Recently, I attended the candidate forum hosted by the League of Women Voters in Charles Town. Although in all likelihood there are few, if any, new votes to be had there by the candidates, the forum has value in that it provides a venue for citizens to learn about issues. On more than one occasion that evening a spokesperson for the League mentioned that the organization is “non-partisan.” That means that it has at least one thing in common with the local Tea Party group.
Delegate Stephen Skinner, although running unopposed in the primary, was permitted to make a brief statement. This is a departure from past procedures on the part of the League, and in my humble opinion it is a welcome change for the better. The League expressed the opinion that if one candidate doesn’t bother to show up, it gives the opposing candidate that made the effort to show up an “unfair advantage.” I can’t figure out that line of reasoning; showing up gives one an unfair advantage. Go figure.
In his brief statement, Delegate Skinner, from the 67th District declared that the most important legislation that passed in the last session was HB 4283 — the so-called Fair Labor Standards Act. It is also known as the Minimum Wage bill because it raised the minimum wage in West Virginia to $10.10 per hour, a whopping 39 increase increase. Said Skinner, the law could give more than 100,000 workers in West Virginia a raise. It must feel good to be so generous with other people’s money. To be fair, there were only 5 no votes in the Legislature; it enjoyed broad bipartisan support.

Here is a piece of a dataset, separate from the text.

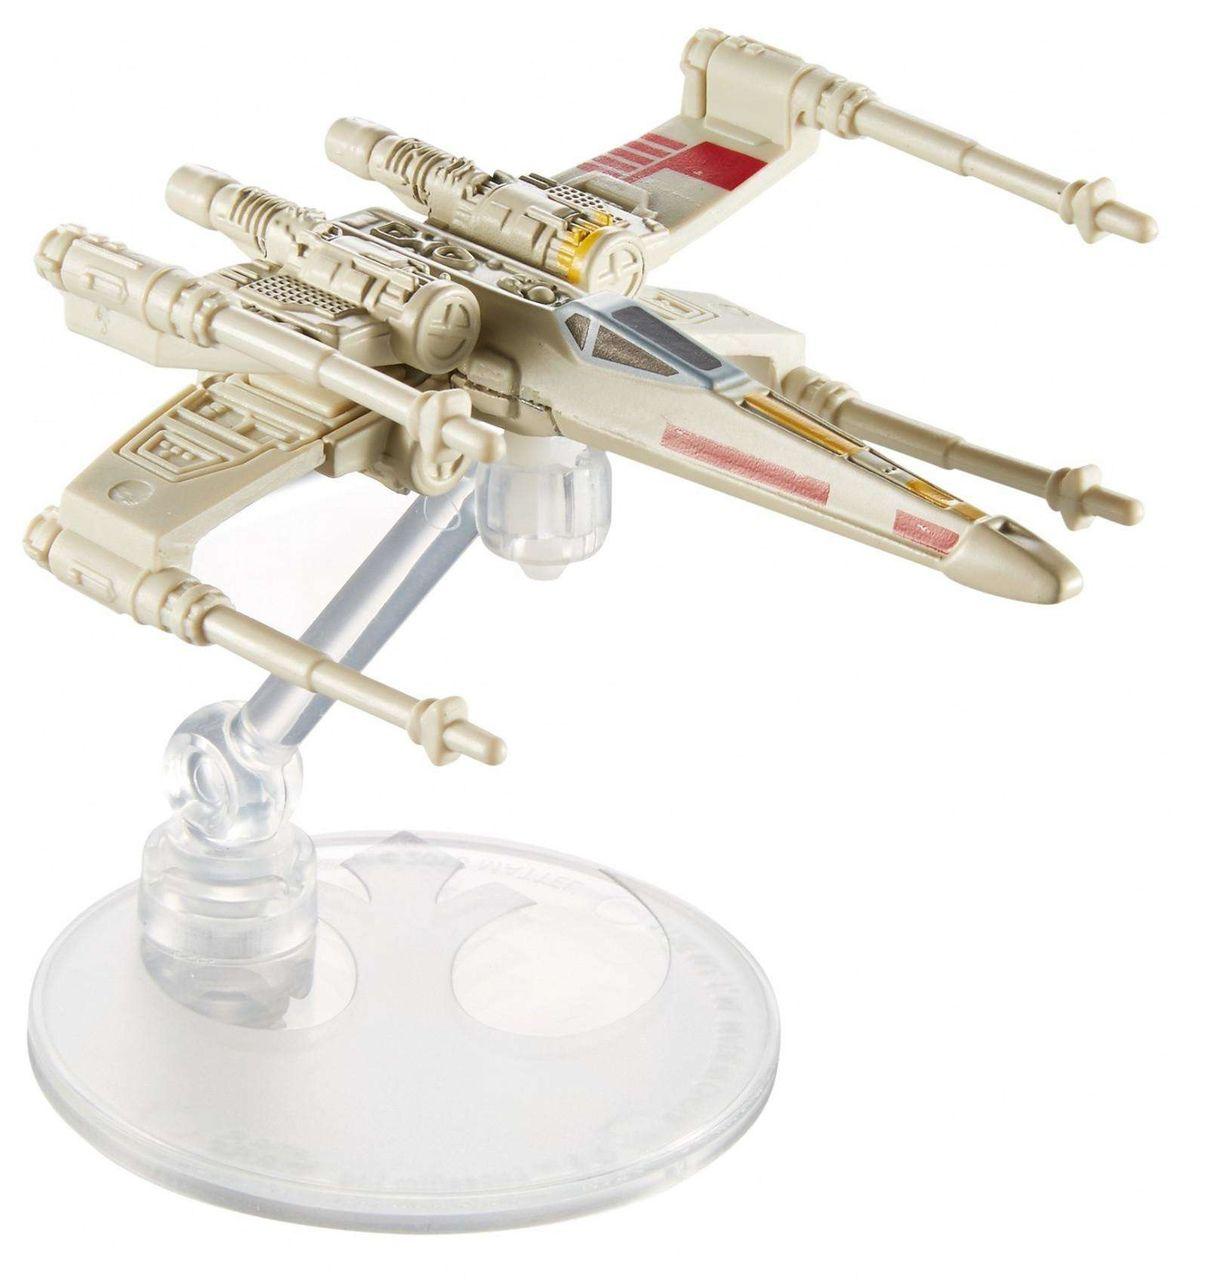 Hot Wheels X-Wing Fighter Red Five Vehicle: Star Wars - Mattel (Apenas Venda Online)
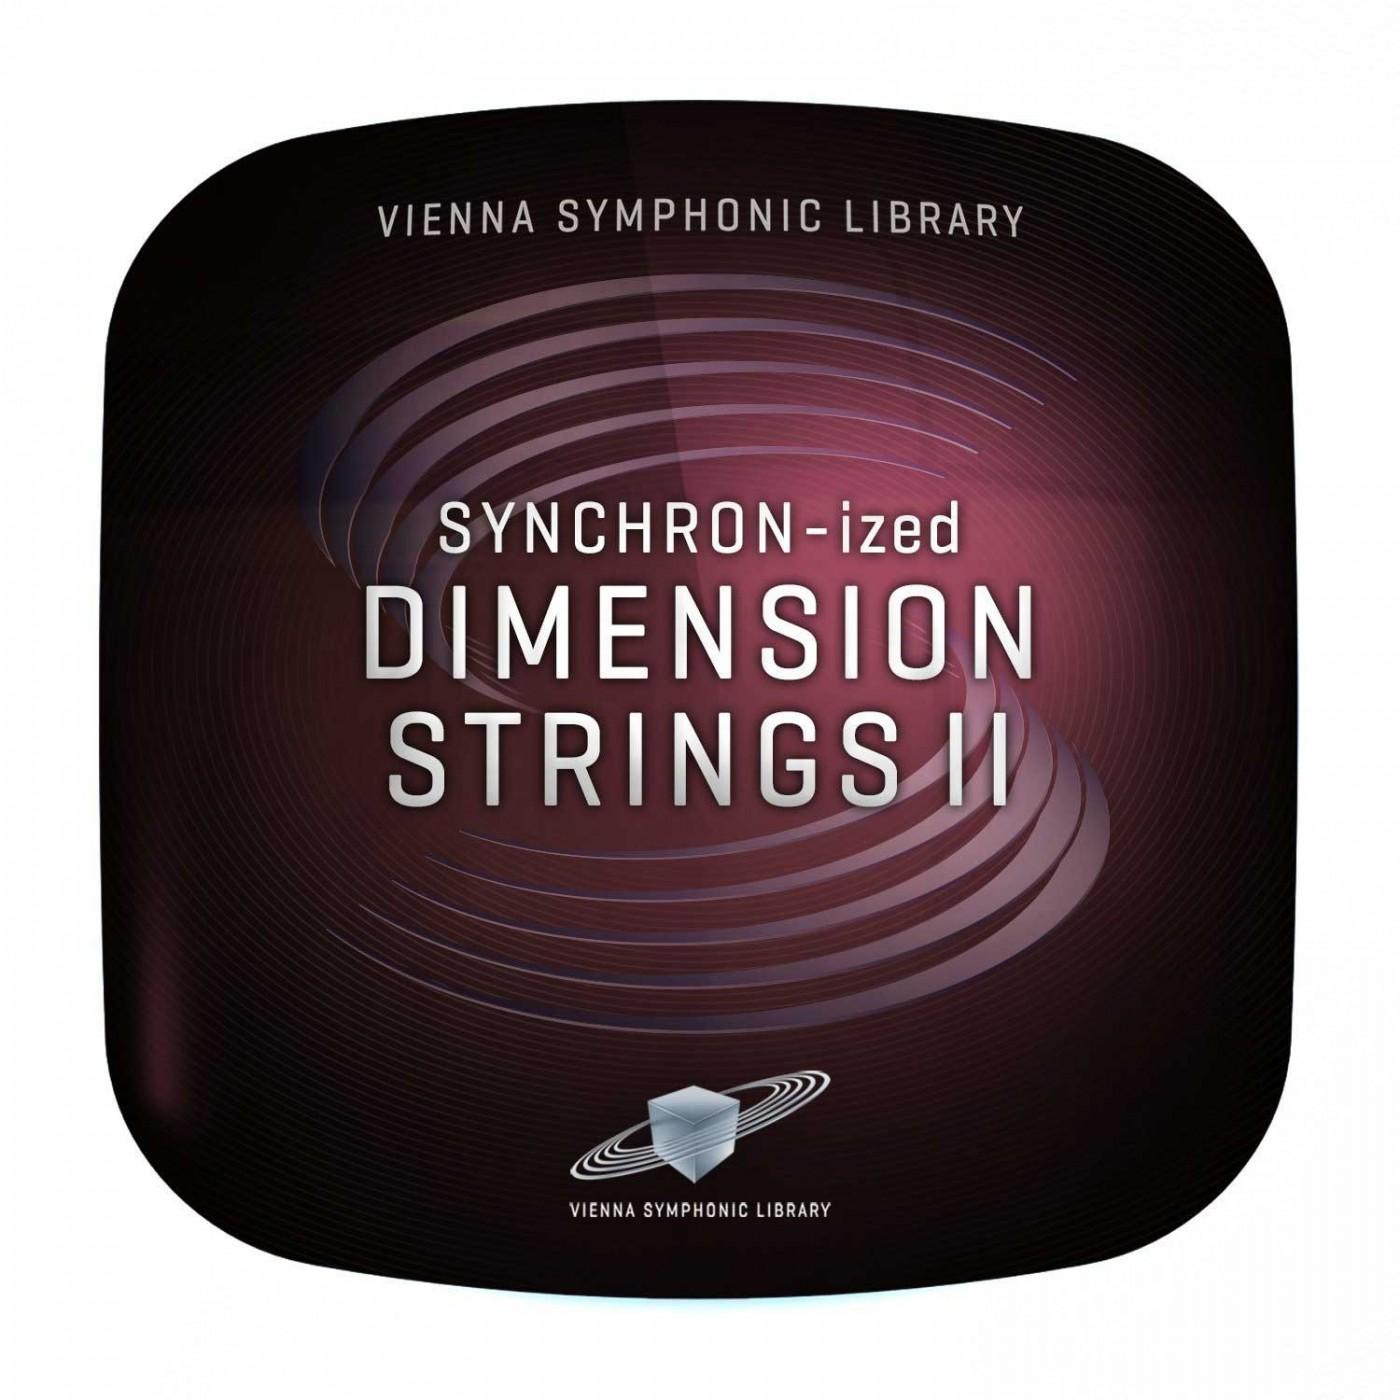 VSL SYNCHRON-ized DIMENSION STRINGS II

I’m completely and utterly convinced that the legislation is well intended. Who wouldn’t want to ensure that those on the low end of the pay scale be given a raise? However, as with any legislation there are consequences, unintended and otherwise. According to Delegate Tiffany Lawrence, as quoted by WV MetroNews, “Consensus tells us a raise in the minimum wage will provide an economic boom, let me say that again, an economic boom to this state.” If that were true, then perhaps we should raise the minimum wage to $25.00 per hour, or $100.00. We would all be rich.
However, according to a study conducted by the nation’s largest privately held staffing firm, Express Employment Professionals, if Congress were to raise the national minimum wage to $10.10, 38 percent of those surveyed would lay off workers, 54 percent would reduce hiring and 65 percent would raise prices. Those don’t sound like good things. According to the firm’s CEO Bob Funk, “As with any such policy change, there are upsides and downsides. But based on this survey, there’s no denying that raising the minimum wage will result in layoffs, reduced hiring, and higher prices at a large chunk of American companies.”
In February, the Congressional Budget Office published a report that revealed that raising the minimum wage would result in a reduction in the number of workers by 500,000 by the second half of 2016. And those are the working poor. By forcing the working poor to charge a minimum for their labor you are putting them at a disadvantage in the marketplace. For many, price is the only bargaining chip they have. Bear in mind that West Virginia already has the lowest work force participation rate in the nation.
Regarding the bad news on HB 4283, we’ve only just scratched the surface. After attending the League of Women Voters’ forum, the following day I attended the monthly meeting of the Eastern Panhandle Business Association. Guest speaker Brian Peterson, an attorney and partner in the Martinsburg office of law firm Bowles Rice, expressed his concerns regarding the bill.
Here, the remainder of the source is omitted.